Model for Steady-State Assembly of FtsZ in GTP-Containing Solution
The model presented here, and expressed quantitatively in Appendix 1, is based on the following assumptions§§:
Under conditions such that the concentration of free GTP is independent of time, the rates of GTP binding, hydrolysis, GDP dissociation, and any protein–protein association and dissociation constants that are linked to these processes are likewise independent of time. Thus, we treat the steady-state system as if it were at equilibrium, with apparent equilibrium constants that depend on the steady-state concentration of free GTP. Similar assumptions have been applied in the analysis of other protein-assembly systems that are modulated by nucleotide hydrolysis (23, 26).
It is assumed that at low protein concentration, fibrils assemble as linear oligomers and that the apparent equilibrium constant for addition of individual monomers to a growing oligomer is insensitive to the size of the oligomer.

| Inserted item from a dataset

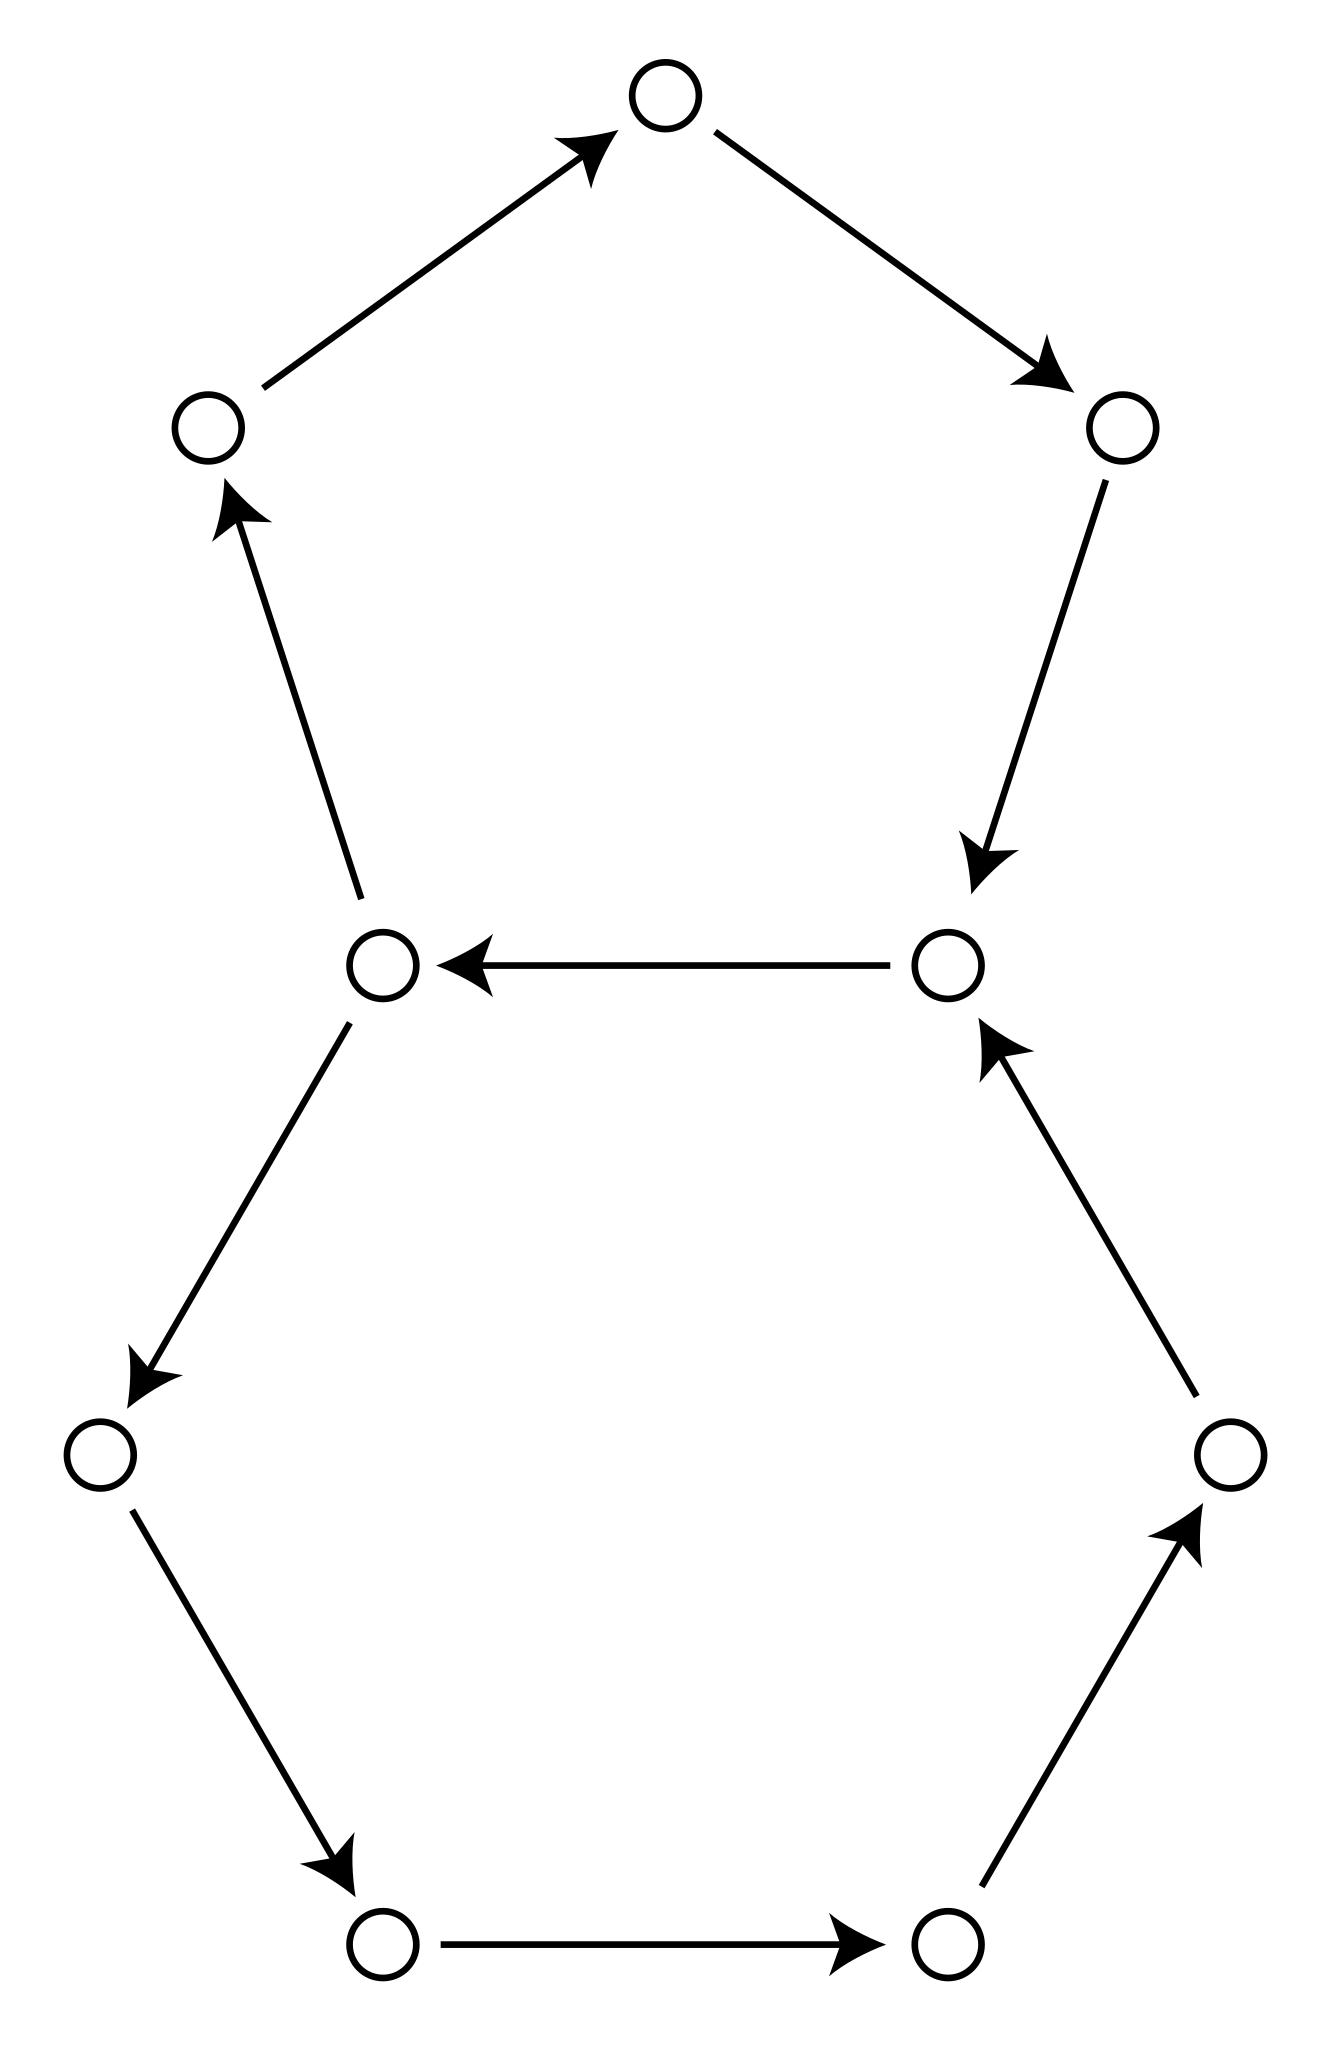 Циклы графов

For the purpose of a simple qualitative demonstration of the behavior of the model (as opposed to an attempt to quantitatively fit actual data), we shall additionally assume that all stepwise equilibrium constants are equal and that the equilibrium distribution of linear oligomers may be described by an isodesmic scheme (4, 9), although in the most general case, assembly need not be strictly isodesmic (32).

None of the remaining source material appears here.